Fourier transform with branch cuts
Solution 1:
This can be done explicitly: using that $$ \frac{1}{\omega+\sqrt{\omega^2-1}} = \omega-\sqrt{\omega^2-1} $$ (rationalise the denominator), we can express the Fourier transform as $$ \frac{1}{2\pi} \int_{-\infty}^{\infty} e^{-i\omega t}(\omega-\sqrt{\omega^2-1}) \, d\omega. $$ The first term is (distributionally) equal to $$ i\delta'(t), $$ by using the derivative rule on the Fourier transform of the delta-function. Obviously this has no large-$t$ asymptotics.

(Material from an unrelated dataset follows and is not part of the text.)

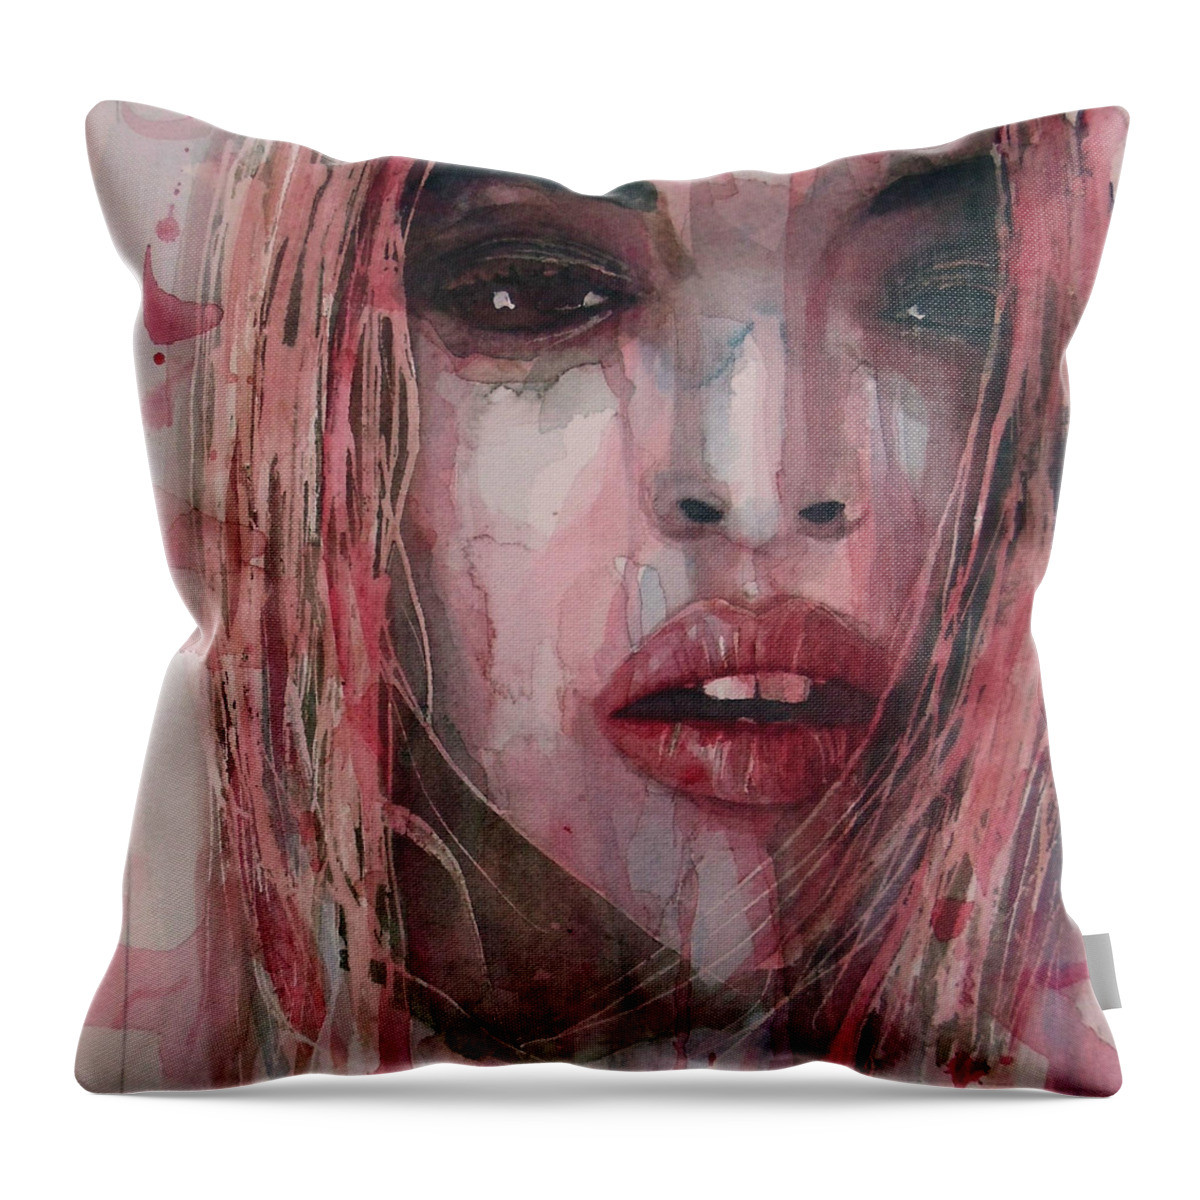 Priscilla Presley Throw Pillow featuring the painting If I Can Dream by Paul Lovering
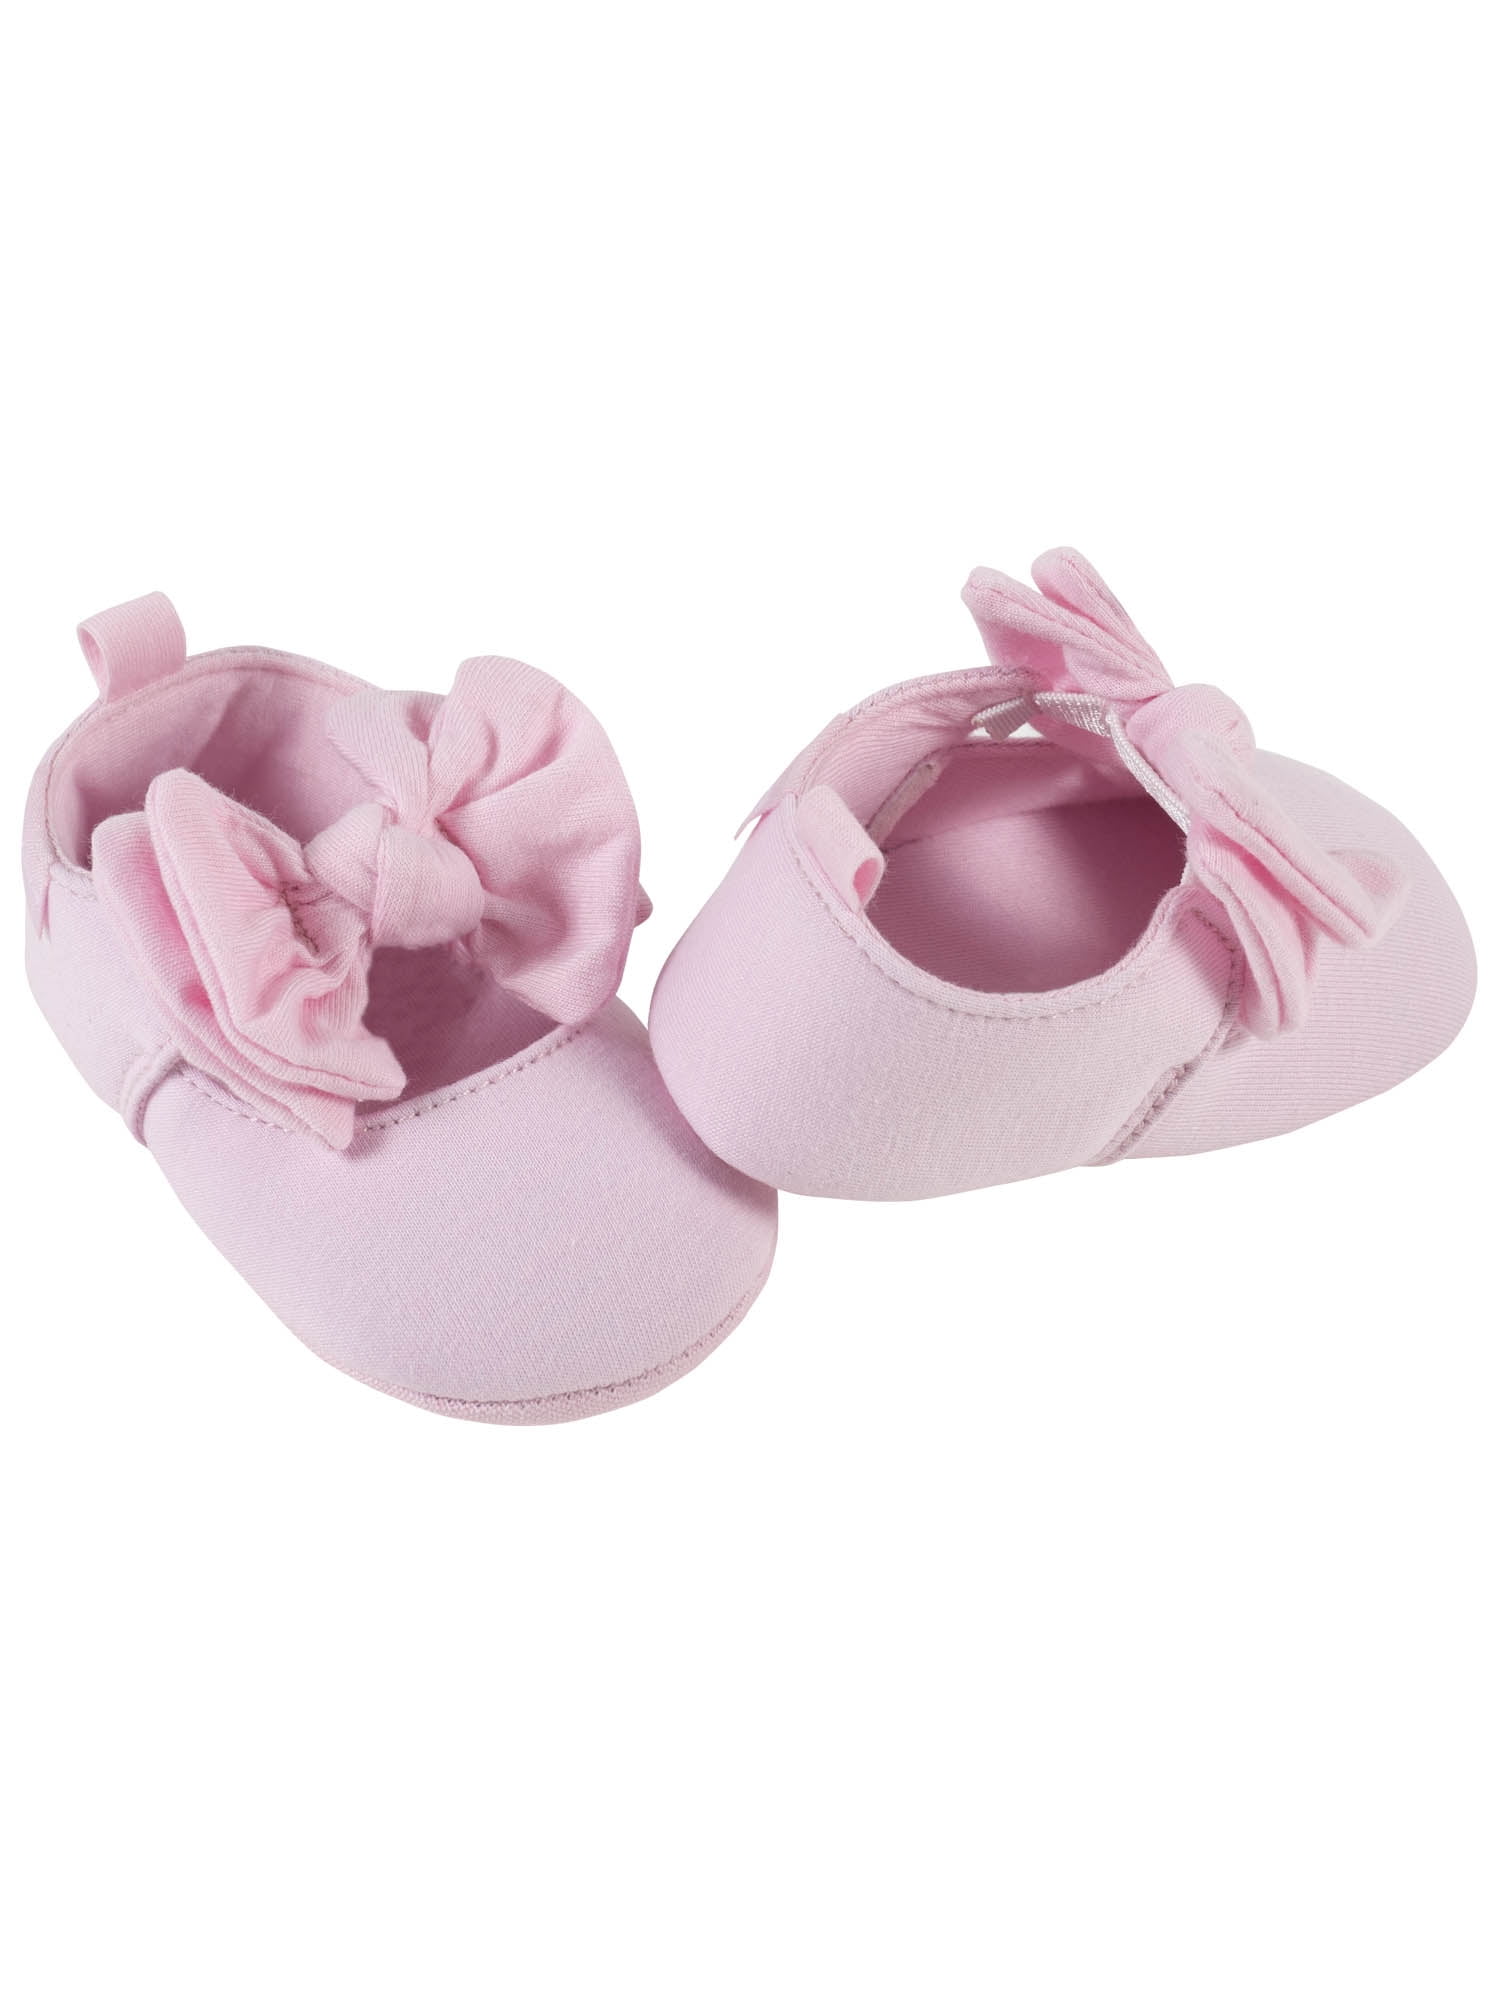 Baby Girl's White Pink Red Infant Kids Shoes Size 6-9 Months

The interesting term is $$ -\frac{1}{2\pi}\int_{0}^1 i\cos{\omega t} \, \sqrt{1-\omega^2} \, dt - \frac{1}{2\pi}\int_1^{\infty} \cos{\omega t} \, \sqrt{\omega^2-1} \, d\omega, $$ which tables of Fourier transforms (or the integral representations here, or computer algebra software) suggest has the value $$ -\frac{Y_1(\left| t\right| )}{2 \left| t\right| }-\frac{i J_1(\left| t\right| )}{2 \left| t\right| }, $$ where these are the Bessel functions of order $1$. This is in fact $i H^{(2)}_1(\lvert t \rvert)/(2\lvert t \rvert)$, which has asymptotic $$ \frac{i H^{(2)}_1(\lvert t \rvert)}{2\lvert t \rvert} \sim -\frac{(1+i)}{2\sqrt{\pi}\lvert t \rvert^{3/2}}e^{-i\lvert t \rvert}, $$ which is, I think, what you are looking for (see here for the asymptotic relation).